The graph below (Figure 4) visualizes how GoG performs based on the number of “related triples” it retrieves during the generation phase.

Figure 4: The Hits@1 scores of GoG with different numbers of related triples in the Generate Action. Performance generally peaks when the model has access to a moderate amount of context (5-10 triples).

This chart reveals an interesting dynamic: Context matters. GoG performs best when it has found some relevant information (like neighboring cities or state information) before it attempts to generate the missing link. If it has 0 context, performance is lower. If it has too much context (20+ triples), performance also dips, likely due to noise/distraction.

Why GoG Wins: Handling Complex Data

One of the subtle strengths of GoG is its ability to handle Compound Value Types (CVTs).

In Knowledge Graphs like Freebase, not everything is a simple Subject -> Predicate -> Object link. Sometimes you have an intermediate node representing an event. For example, “Brad Paisley’s Education” might be a node that links to “Institution: Belmont” and “Degree: Bachelor.”

Figure 5: An example of compound value types (CVTs). These complex structures confuse many path-retrieval algorithms.
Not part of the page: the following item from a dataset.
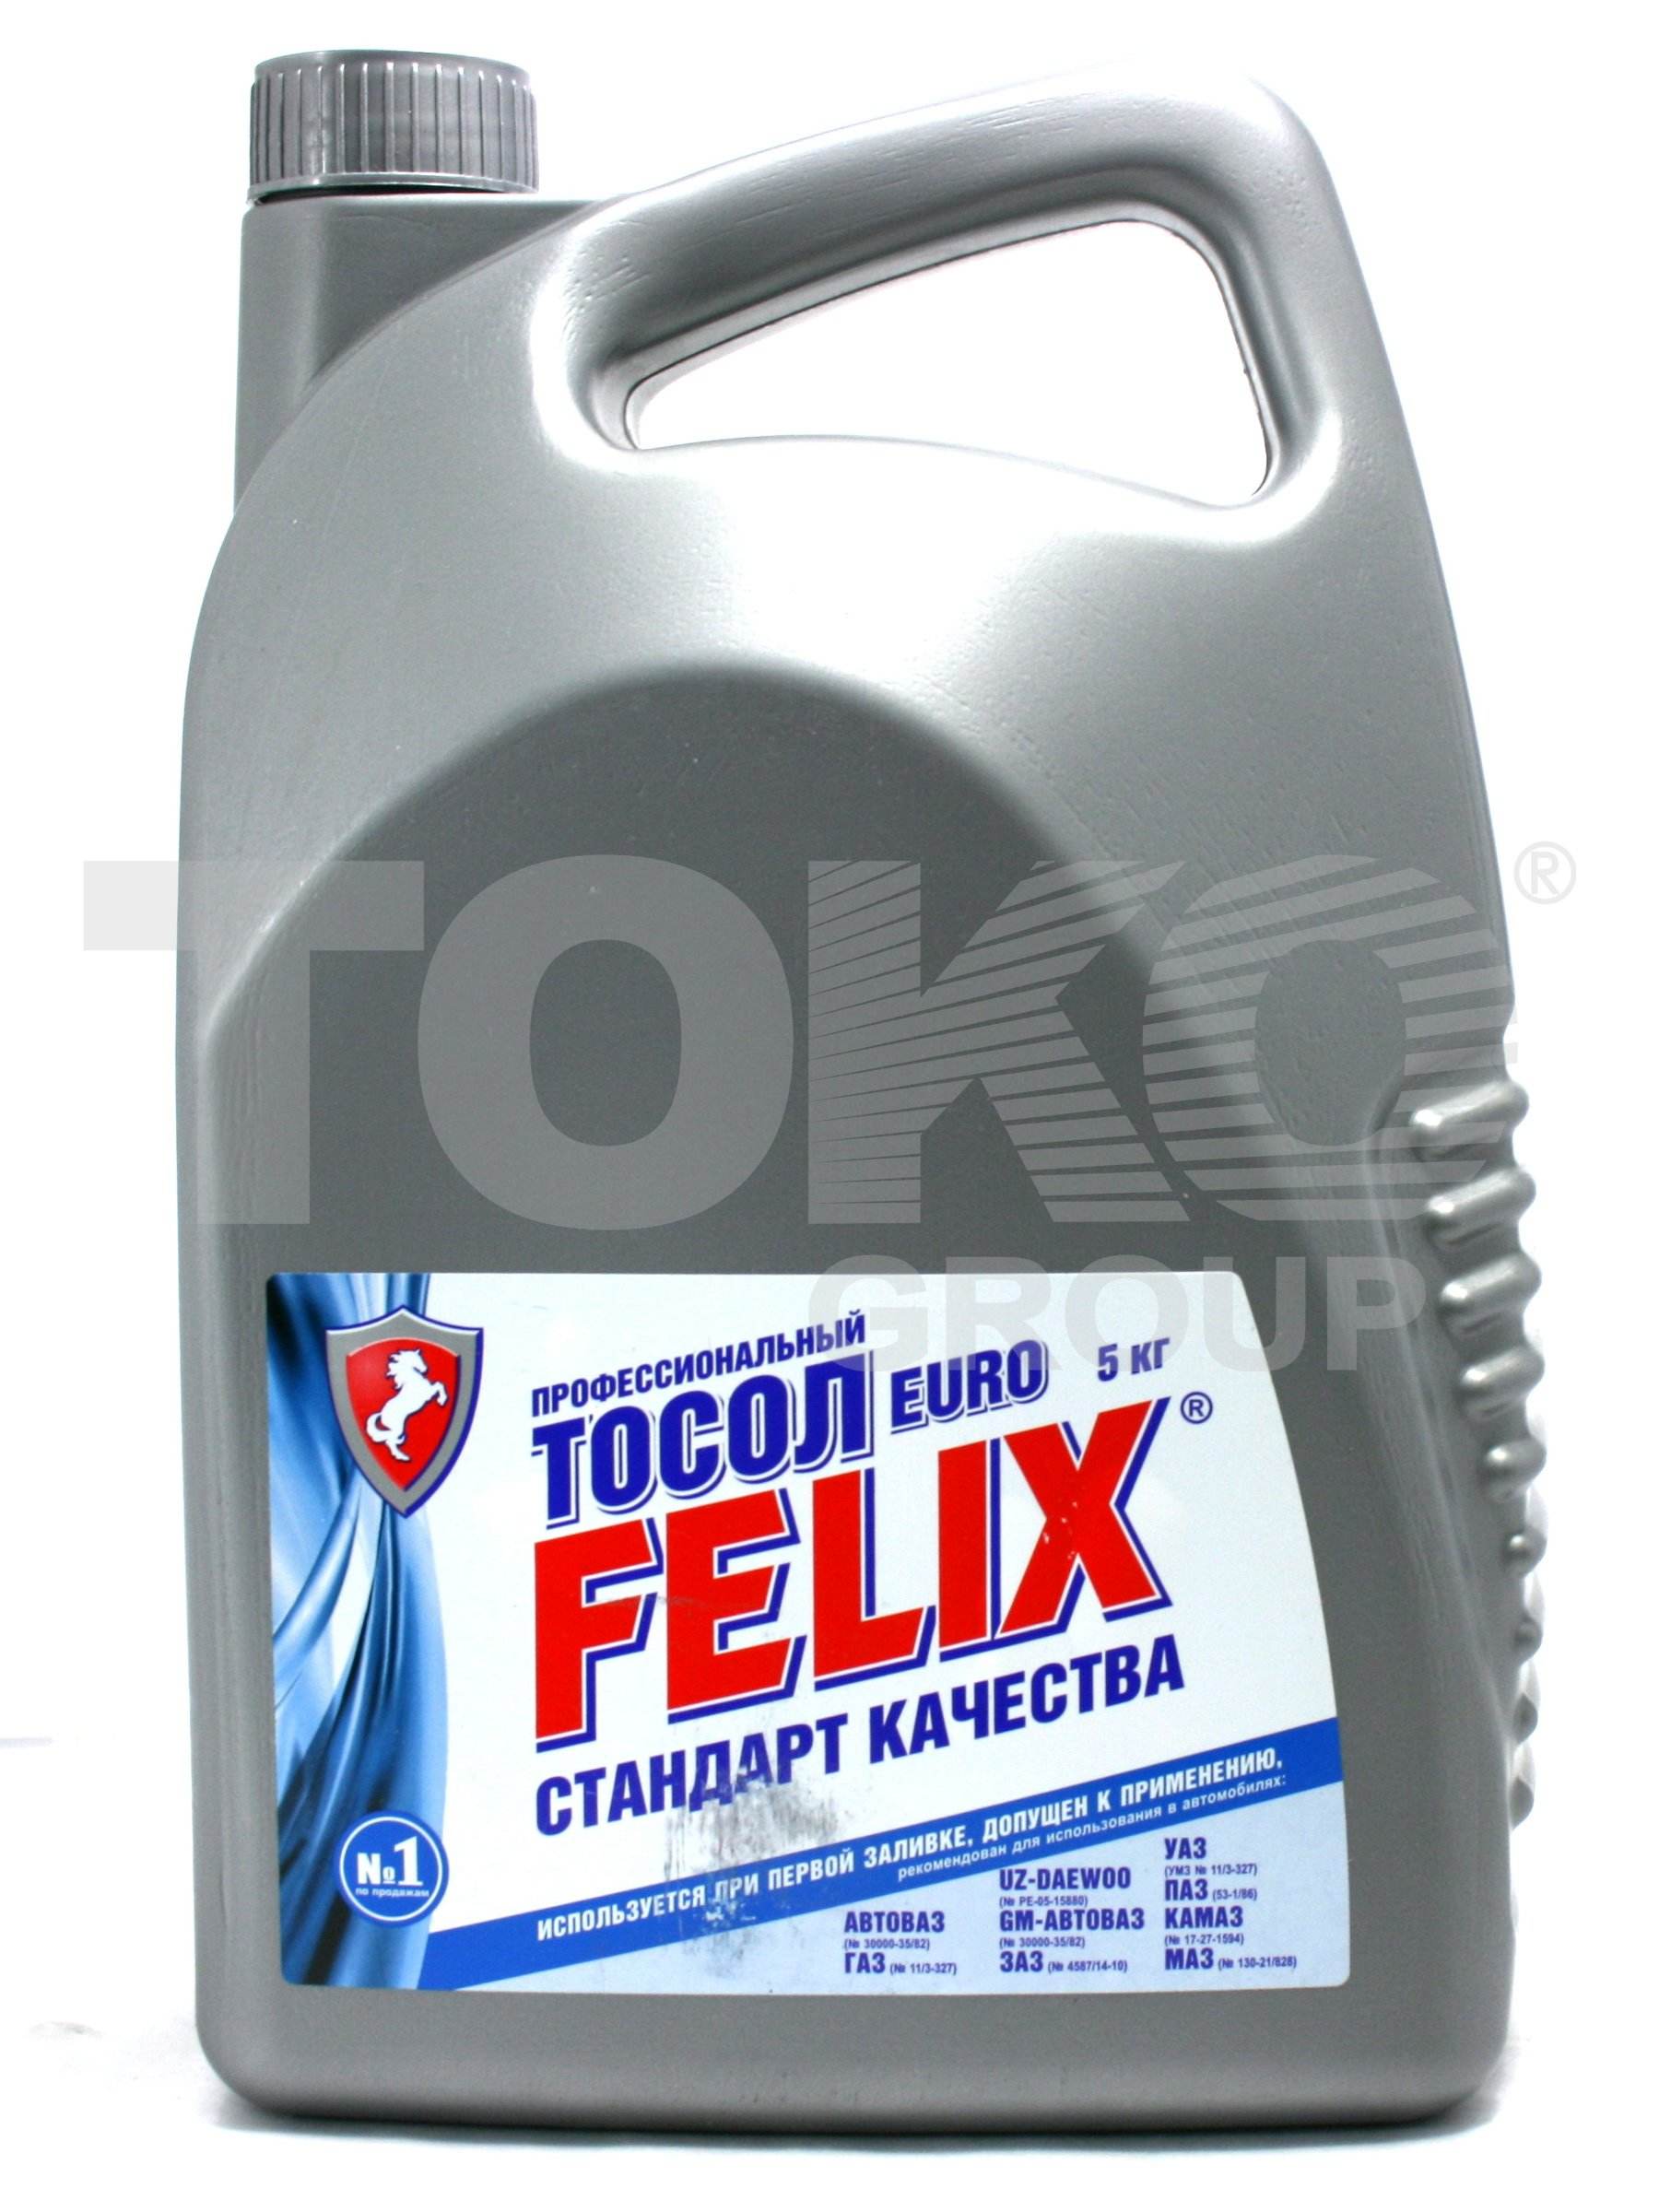 Тосол -35 FELIX FELIX 35 EURO Tosol 5kg - Фото #1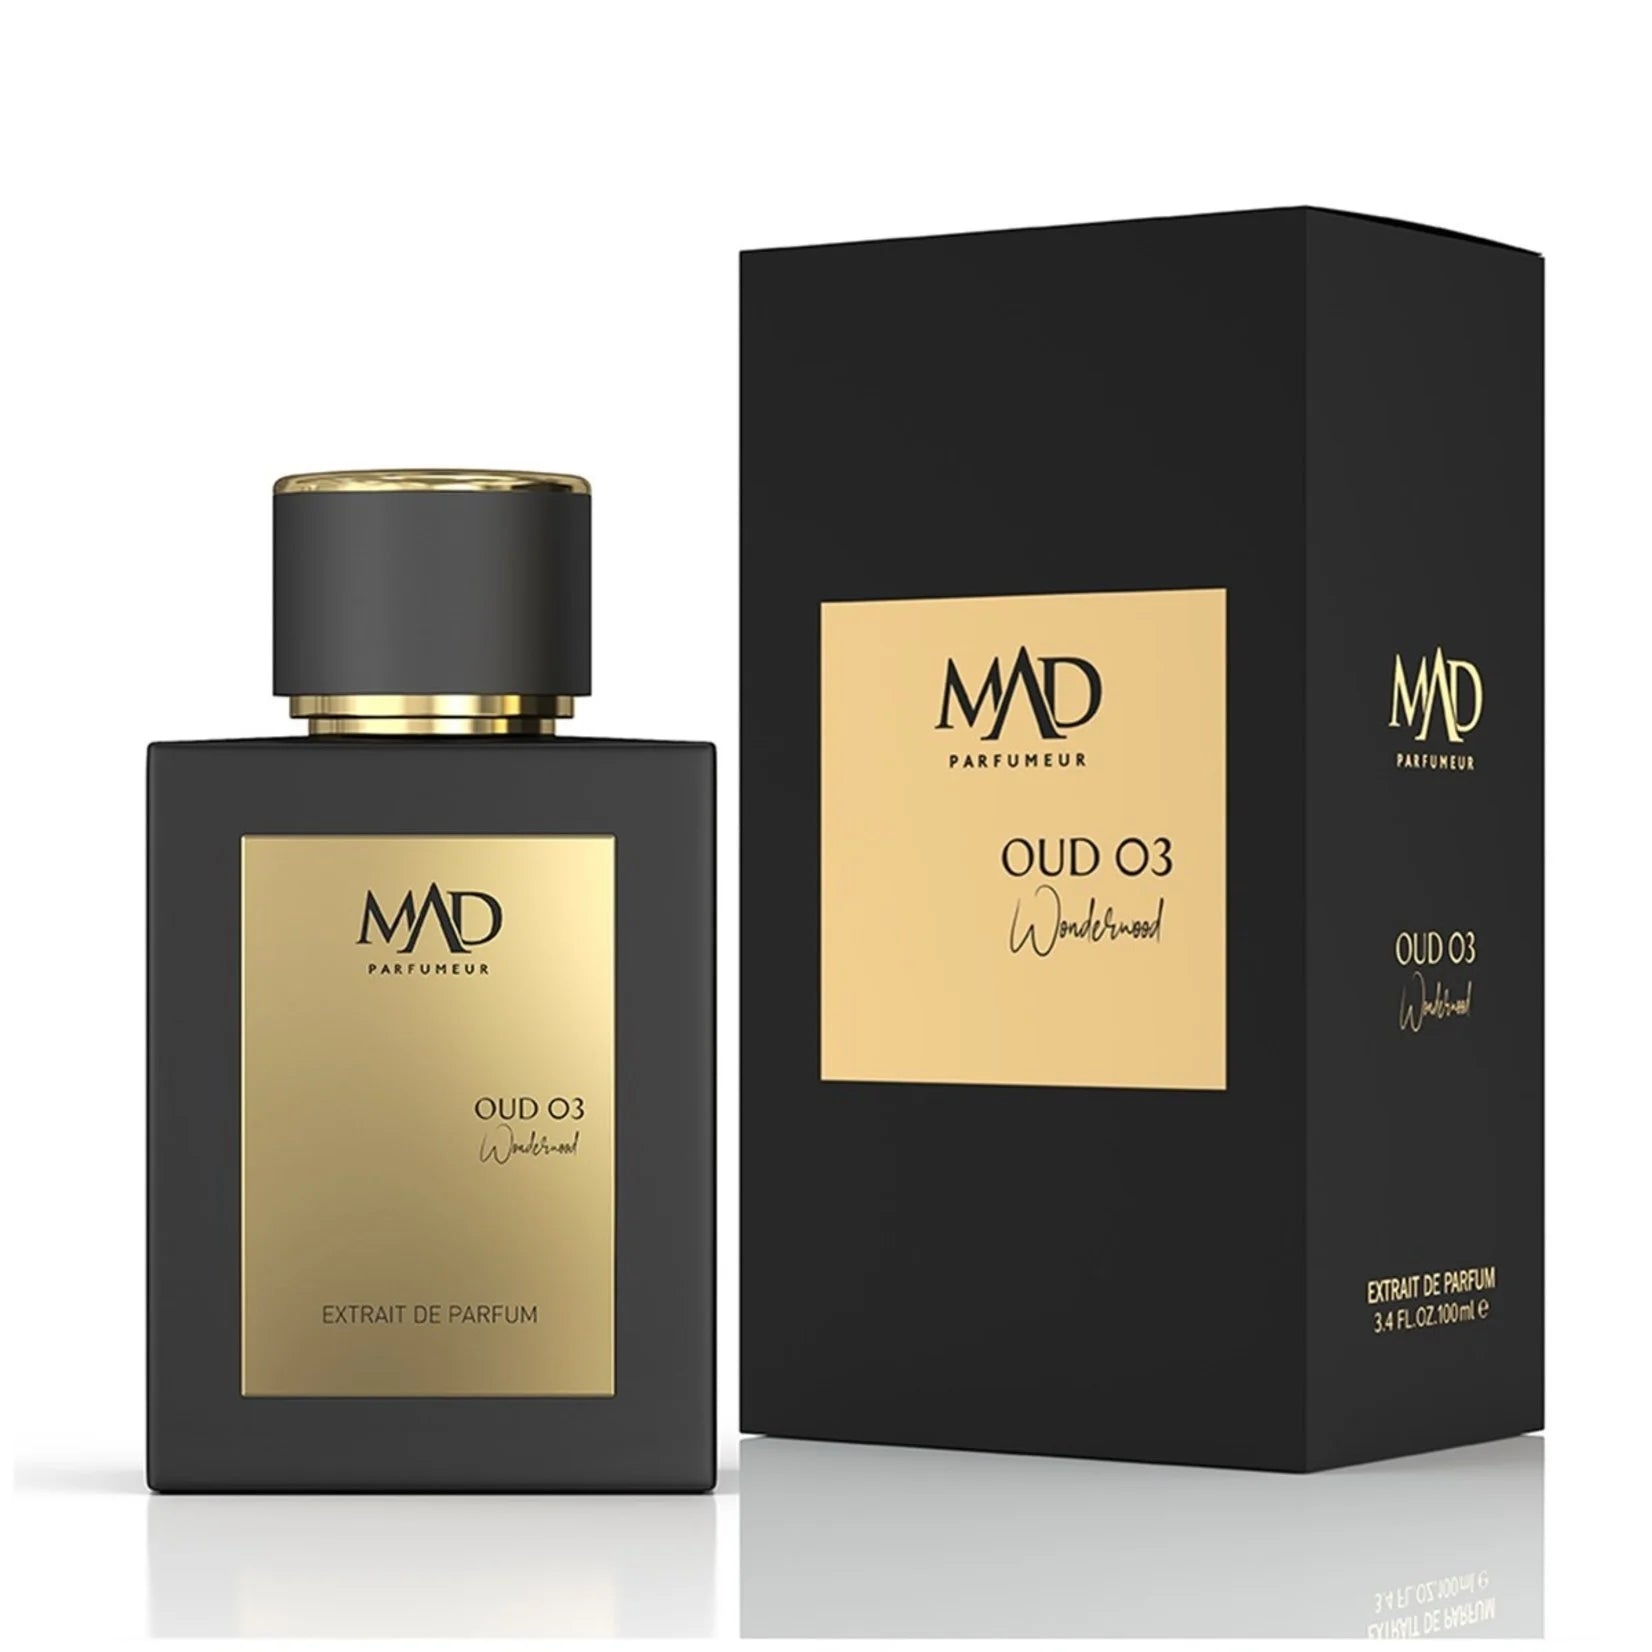 oud-03-wonderwood-100-ml-unisex.webp

Standard retrieval methods often get “stuck” at the CVT node because it’s not the final answer. GoG’s iterative “Thinking” step allows it to recognize these nodes and decide to search one hop further, effectively navigating complex graph structures that baffle other agents.

Limitations and Errors

No system is perfect. While GoG mitigates hallucination by grounding most steps in the graph, it re-introduces the risk during the Generate phase.

Figure 6: The error proportions of GoG. ‘Hallucination’ remains a significant source of error, alongside ‘False Negatives’ (often due to exact string matching failures).

As seen in Figure 6, Hallucination (green) accounts for about 30-34% of errors. This happens when the LLM confidently generates a missing triple that is incorrect. For example, if the graph is missing the team a coach manages, the LLM might guess the most famous team associated with that coach, even if the question asks about a specific time period.

However, note the blue sections (“Decompose Error”). GoG is quite good at planning; logic errors are less frequent than hallucinations or simple matching errors.

Conclusion: The Future of Hybrid AI

The paper “Generate-on-Graph” represents a mature step forward in Neuro-Symbolic AI (the combination of neural networks and symbolic logic).

By accepting that Knowledge Graphs will always be incomplete, the researchers moved the goalposts. We no longer need a perfect database to perform structured reasoning. Instead, we can use the Knowledge Graph as a reliable map, and the LLM as an intelligent scout that can fill in the blank spots on that map.

For students and researchers, the key takeaways are:

  1. Real-world robustness: Evaluation metrics should prioritize incomplete, messy data over sanitized academic benchmarks.
  2. Dual Roles: LLMs shouldn’t just be “interfaces” for databases. They should be active participants in constructing the data needed to answer a query.
  3. Iterative Reasoning: The “Thinking-Searching-Generating” loop is a powerful paradigm for handling complex, multi-hop questions.

As LLMs continue to evolve, methods like GoG will likely become the standard for interacting with enterprise data, where perfect data curation is an impossible dream.